As active addicts in the past, we have been pretty unreliable narrators of our own capabilities, desires, intentions and even accomplishments, right? Otherwise how did we end up in trouble again after deciding ok this is not for me, I'm swearing off it...
We may tend to blame ourselves for stuff that's not our fault, but we don't take responsibility for what really is on us. And we might say "Well if you had a boss / spouse / parent / kid like mine..." etc. Any excuse will do when we're about to give up on ourselves one more time and invite active addiction back into the room for another round of self-destruction.
Right, so none of those patterns just goes away when we do quit actively feeding an addiction. They linger and need attention and awareness of their somehow sneaking back into action again. It was suggested to me that I always --like every day-- treat my sobriety, my freedom from my formerly active addiction, as if that freedom is very very fragile, in order to make it strong and not become a gift just taken for granted.
I was helped to attain and then learn how to retain freedom from active addiction to alcohol by a counselor at an employee assistance program, a psychiatrist and a whole bunch of people in 12-step programs, both Al-Anon and Alcoholics Anonymous.
The message there for me is that total self reliance in addiction treatment seems very risky. We were experts as active addicts at kidding ourselves, right? I sure was.
Left to our own devices in early recovery, we may start figuring we have beat the addiction and then someday it may suddenly seem like the sidewalks run right up to a palatial pile of whatever it is we're addicted to using or doing. Or it may seem like just one dip back into the old life is no big deal. That's BS but we might need help to remember that.
Last summer I celebrated 40 years of being, as we say, "one drink away" from my active addiction to alcohol. I don't "manage my non-drinking". I just don't drink today, and I don't put that on autopilot, it's a moment spent every day as a simple but conscious decision, and in gratitude that I have been helped by so many people to remember it's important to me to not use alcohol. I have said so... and they'd be willing to remind me of that if I faltered and started acting like I did not really value my freedom from active addiction.

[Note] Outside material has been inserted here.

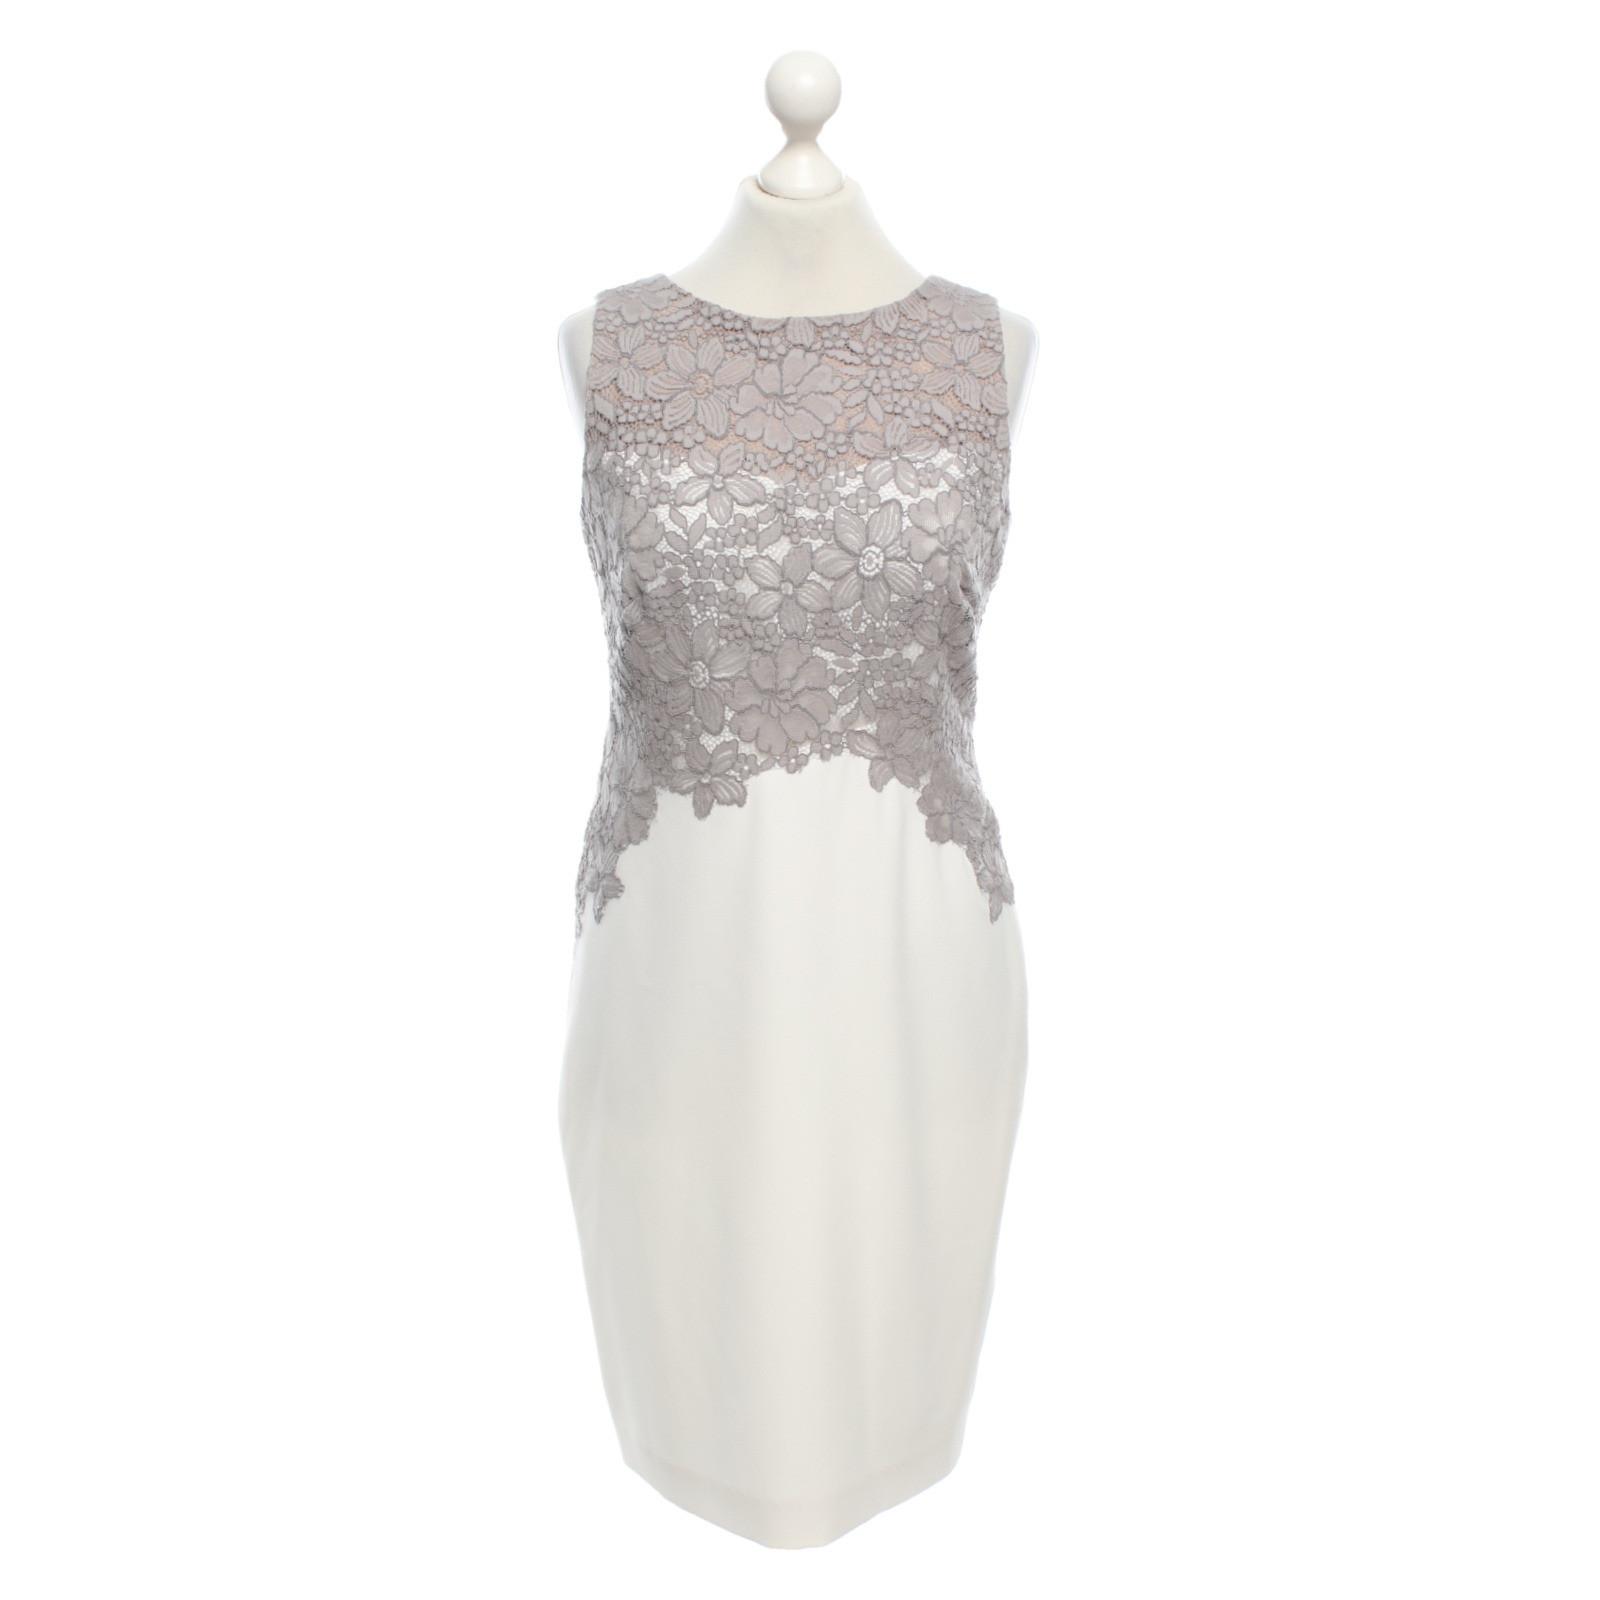 Ralph Lauren Kleid - Second Hand Ralph Lauren Kleid gebraucht

Even the other addicts I've subsequently tried to help myself, people who asked for help but then fell away to ruin or who are dead now have helped me. It's much more fun thinking about the recoveries of some of those who believe I have played a part in their new lives, but the lost souls have left an impression on me that is just as indelible.
Anyone can recover... but not everyone does. We have choices that are important to make consciously each day, to put us among those who do achieve long term recovery.
I wish you good fortune ahead. I'd say forget trying to beat addiction, just mind the pitfalls of a potential relapse -- "people, places, things" that can lead back to active addiction-- and celebrate with others now and then the joy of freedom from it instead. It makes it easier to turn down opportunities to throw all that away when some random chance to do so turns up yet again. Pick up the phone before that happens and talk it over with someone who understands where you are coming from.
It's not great to wrestle with this stuff by ourselves, because that old unreliable narrator in our own head is not on our side in a situation like that
Reach out to someone you've shared happiness with over being free of the active addiction. That person in a good space is a reliable story teller. He or she will remind you then of what you said you wanted from a life that was free of what you may sometimes struggle to leave behind for one more day or hour. We all have moments of vulnerability, but they don't have to mean that we throw our freedom away just because we wish we could handle everything without help from another human being. Again, the best of luck to you going forward.